The only important thing you need to know here: you can get a free, immediate passport photo at 99 Prince Street in New York City. The Rimowa store (say it a little bit German to fit in!) looks to be open 11 a.m. to 6 p.m. Monday through Saturday, and noon to 5 p.m. on Sundays.
That’s my last (???) piece for The New York Times and it is, like all the best stories in life, purely a search traffic play. The new immortality is that, for years, I will clog Google with results for “Passport Photo NYC WHERE NOW HELP” and in that way touch a little bit of the eternal. It’s really the only reason to type.
I would also like you to know that the agency that handles passports is ALSO required to report any “non-natural” death of an American citizen outside of the United States (and are tasked somewhat with getting your body back as well).
Not really so many American passport-holders die abroad, by their count. Car accidents and drowning are frequent and that’s on holiday locales. At a glance, death by terrorism seems rare. Still, by my quick hand count, more than 55 U.S. citizens died from homicide in Mexico alone in 2020. Seems rather like a lot, not gonna lie! (Don’t be too worried about Mexico, though: In the U.S., in 2019, nearly 20,000 people were murdered, most of them by people using guns.)
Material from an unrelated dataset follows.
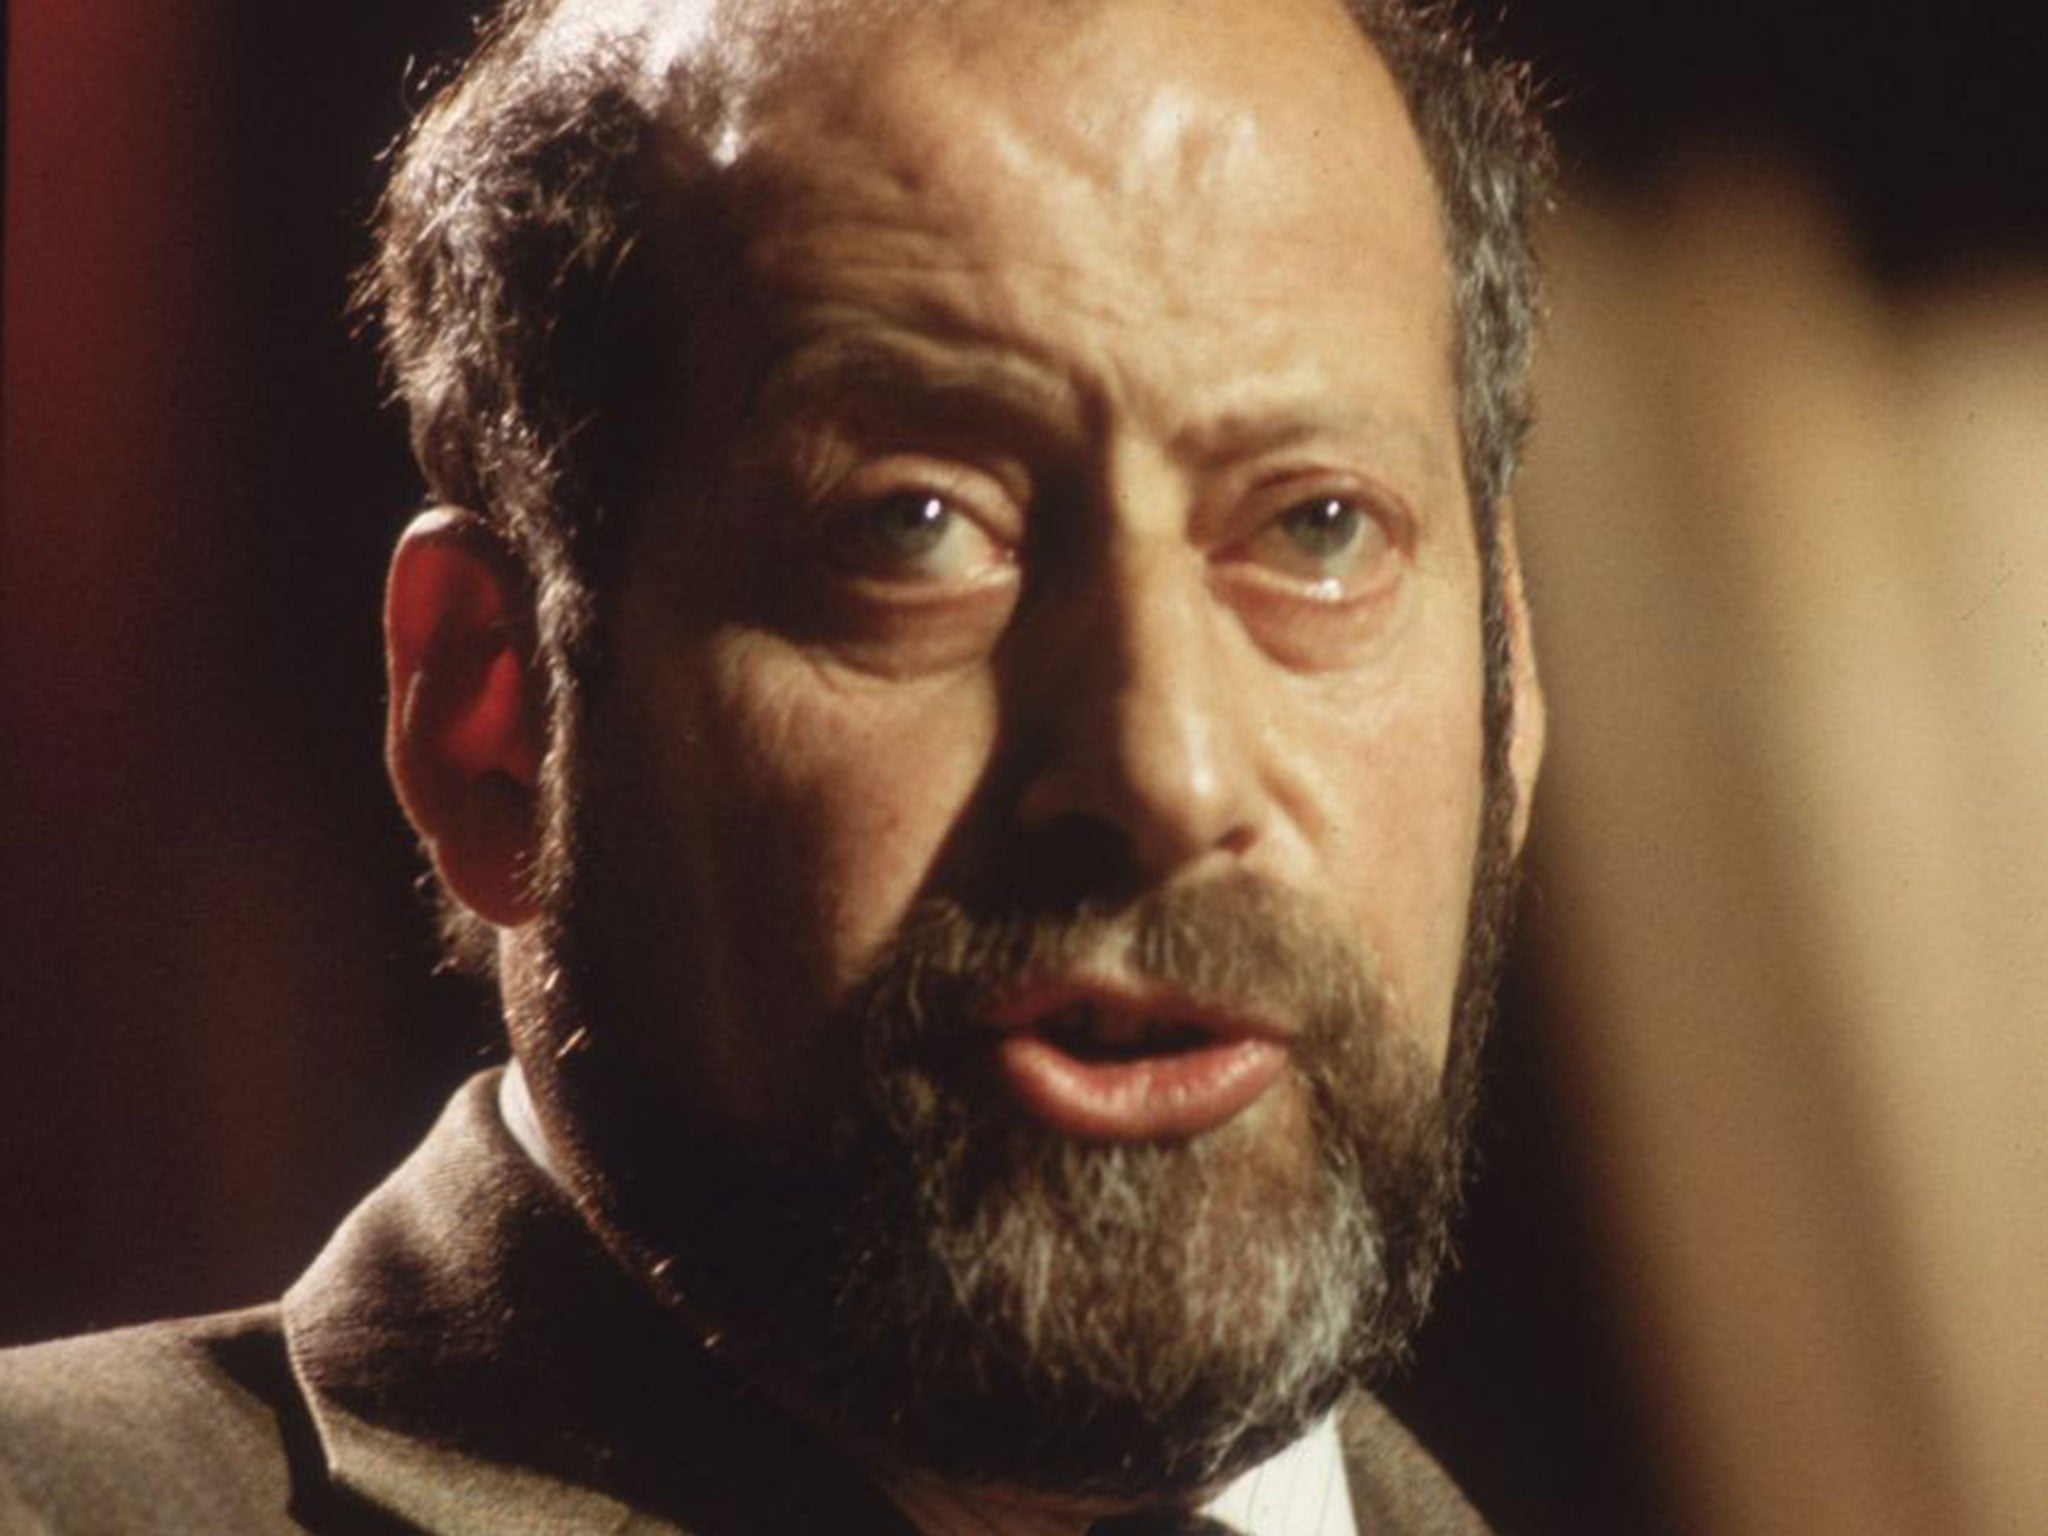 The former television personality and celebrity chef, Clement Freud

What struck me though in the numbers is that an at-first surprising number of U.S. passport holders die from suicide around the world each year. In 2020, for example, it looks like there were six reported American deaths in Italy and three were by suicide. (Didn’t bother to check this, but seems safe to assume that any deaths from coronavirus were counted as “natural.”)
Later, when someone is paying me to think again (that should be Vox Media’s New York Magazine, where I’m to start in August), I’ll think about this again. (Until then, it’s all Fortnite and napping.) I see that a 2007 study of Canadian travelers found that, over a pretty solid stretch of years, only about 3% of deaths overseas were by suicide. Interesting subplot: Two-thirds of out-of-country deaths overall for Canadian citizens were men; the average age of a traveler who died from suicide was 41.
Anyway, don’t forget to check your passport expiration date! Be safe out there!
Come now, you’ve never read an actuarial table in your life, have you? Why they’ve got ten volumes on suicide alone. Suicide by race, by color, by occupation, by sex, by seasons of the year, by time of day. Suicide, how committed: by poison, by firearms, by drowning, by leaps. Suicide by poison, subdivided by types of poison, such as corrosive, irritant, systemic, gaseous, narcotic, alkaloid, protein, and so forth; suicide by leaps, subdivided by leaps from high places, under the wheels of trains, under the wheels of trucks, under the feet of horses, from steamboats. But, Mr. Norton, of all the cases on record, there’s not one single case of suicide by leap from the rear end of a moving train. And you know how fast that train was going at the point where the body was found? Fifteen miles an hour. Now how can anybody jump off a slow-moving train like that with any kind of expectation that he would kill himself? No. No soap, Mr. Norton. We’re sunk, and we’ll have to pay through the nose, and you know it.